The results of the service call are printed in separate lines with the fields
separated by commas (use ``--delimiter`` to modify that behaviour, it
understands patterns such as ``\t`` for TAB).  Use ``--schema`` to obtain the
service's result columns, or, if no service is supplied, a list of services.

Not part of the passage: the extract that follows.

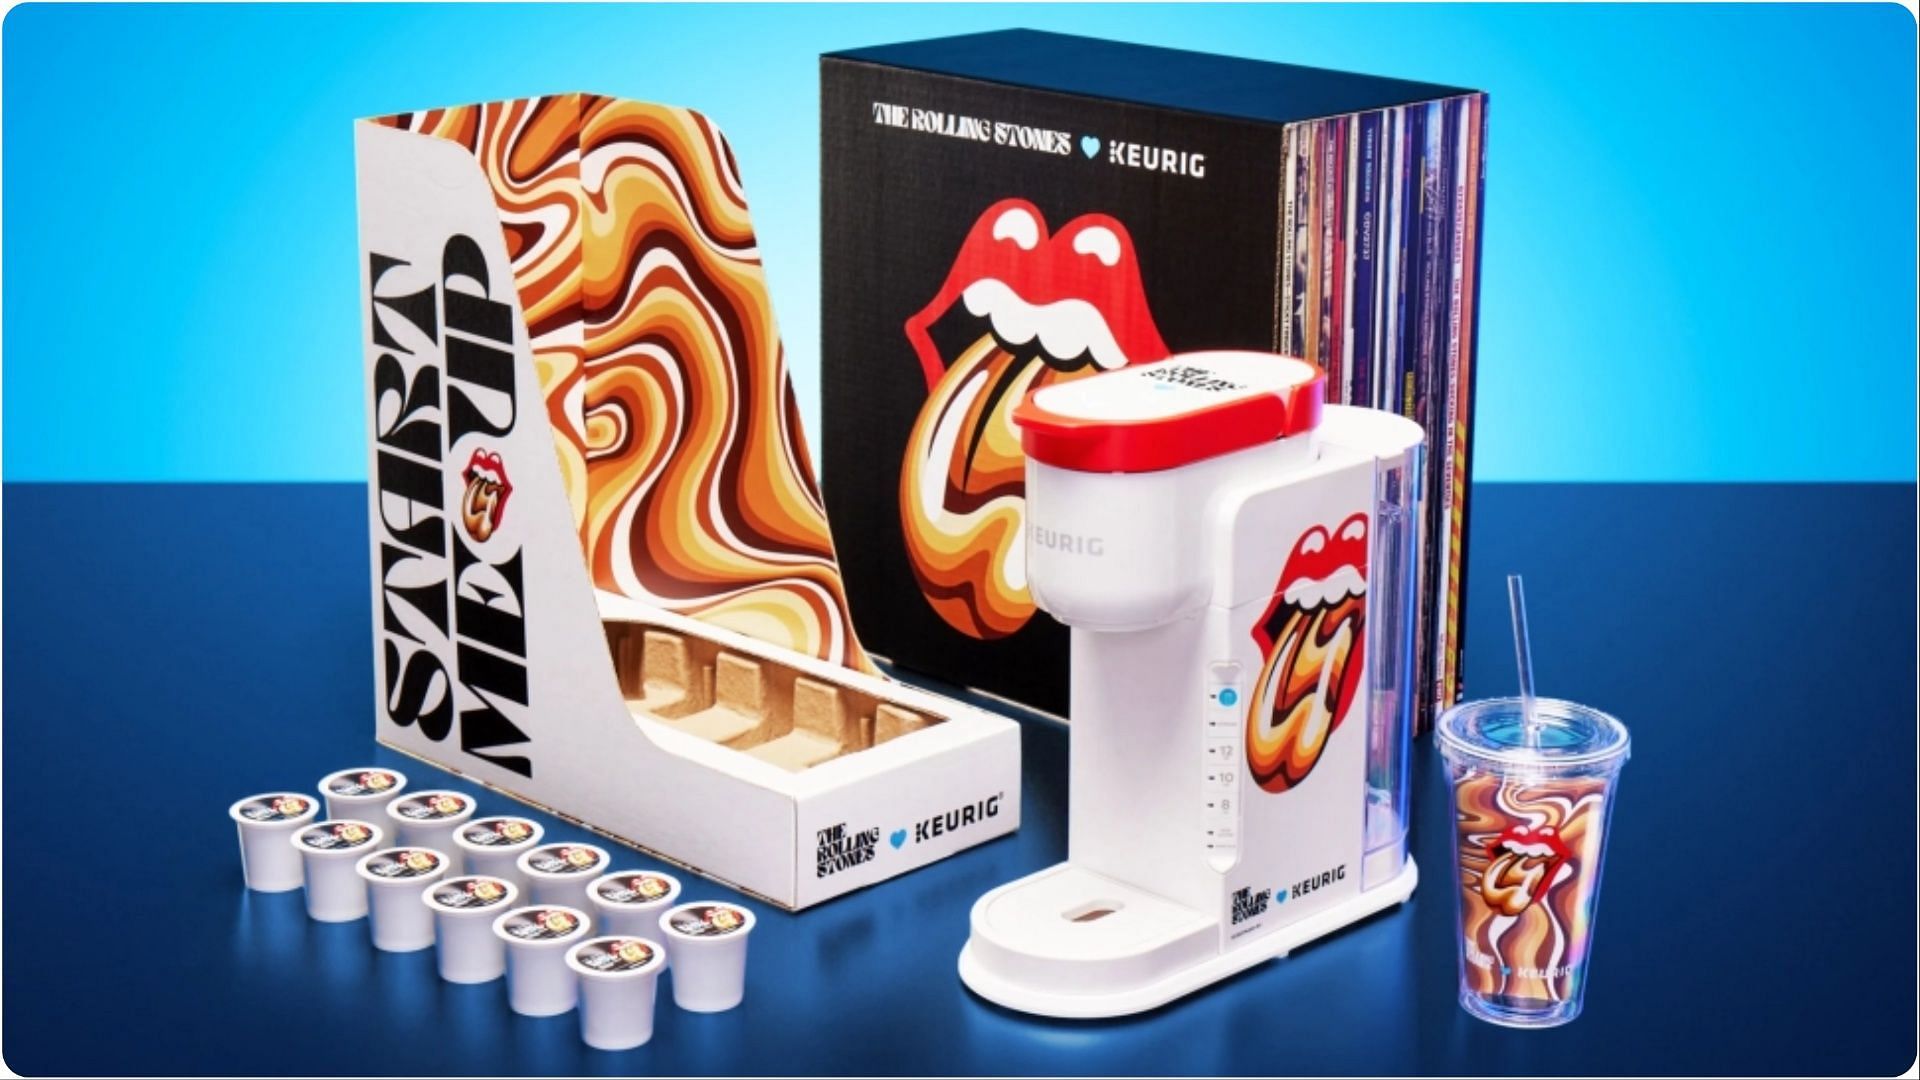 The Rolling Stones and Keurig collaborate for the launch of the new &ldquo;Start Me Up&rdquo; Coffee Kit (Image via Kreuig/The Rolling Stones)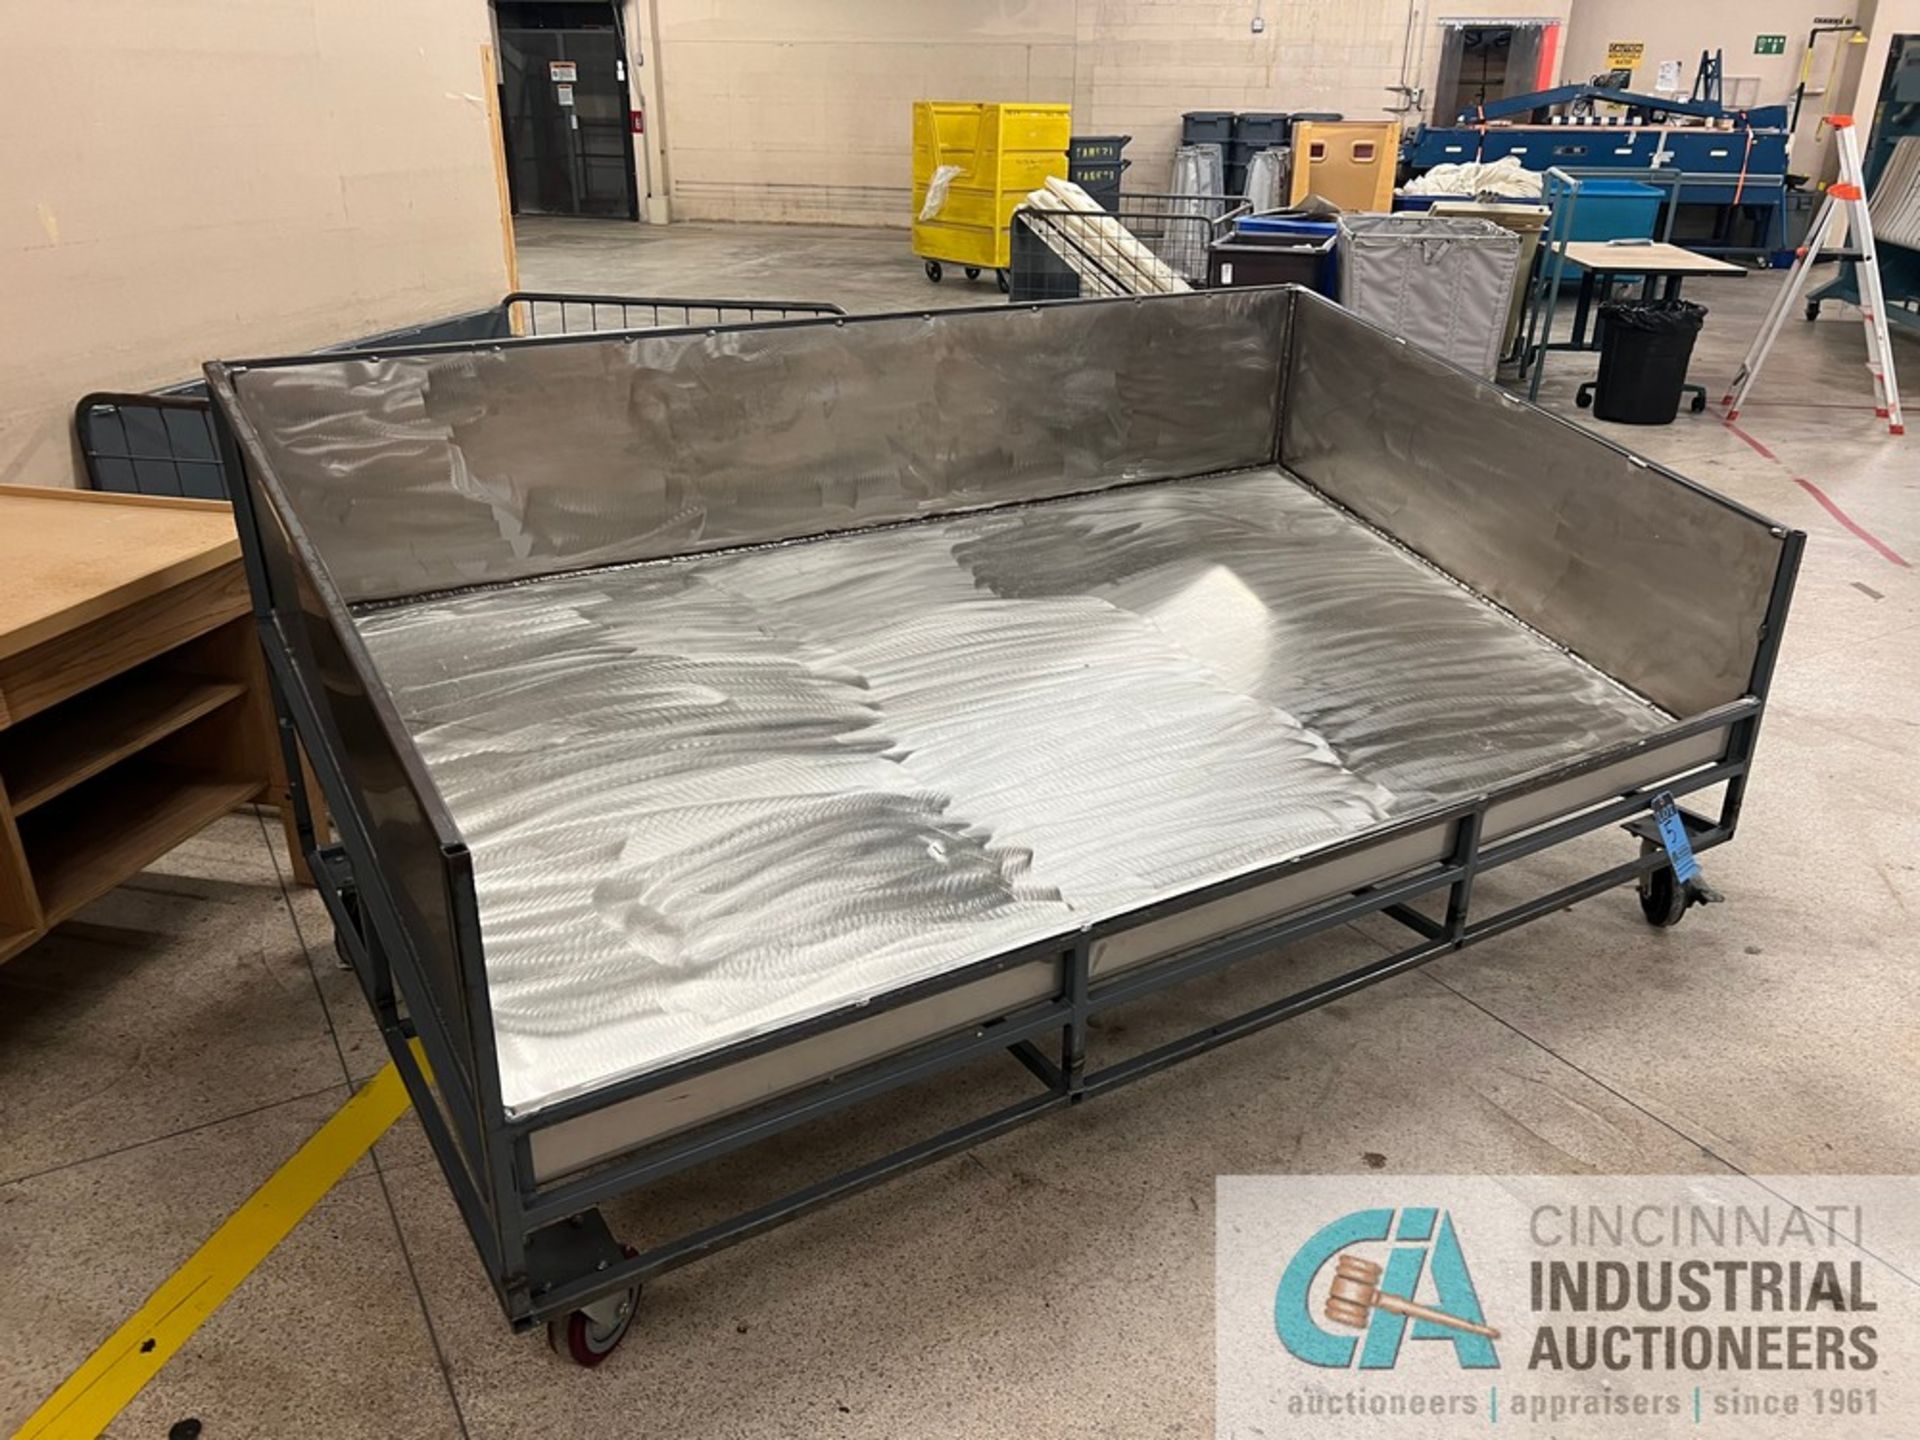 52" X 93" LONG X 17" HIGH STAINLESS STEEL TUB STEEL FRAME SORTING CART, 44" OVERALL HEIGHT - Image 2 of 3

You can supply your credentials via ``--user`` and ``--password`` for
authenticated access.

When services are called with the wrong name or wrong number of arguments the
program will terminate with exit code 1.  If the remote server reported failure
(eg. wrong credentials) the program terminates with exit code 2.

Changelog
---------
1.4 
  * Added support for Python 3.
  * Now requires suds 0.4.2 or later for Python 3.
  * Moved to distribute (Python 3 capable fork of setuptools).
  * Updated various classifiers and tags for distribute.

1.3.1
  * Added service listing to ``wortschatz`` script.

1.3
  * Added commandline script ``wortschatz`` for ad-hoc access.
  * Jumped to setuptools.
  * Fixed missing return values in services *Sentences* and *Synonyms*.

1.2.1
  * Fixed compatibility issues with suds 0.4.

1.2
  * Added persistable authentication support.
  * Added authentication support.
  * Added different corpora to services.
  * Exposed ``WebFault`` error condition.
  * Extended service parameter by generic options.

1.1
  * Bumped suds version to 0.3.9.
  * Fixed numerous unicode issues and pointed out potential pitfalls.
  * Fixed caching to be persistent but lazy.
  * Upgraded virtual environment to incremental build steps.
  * Pushed tests into installed package.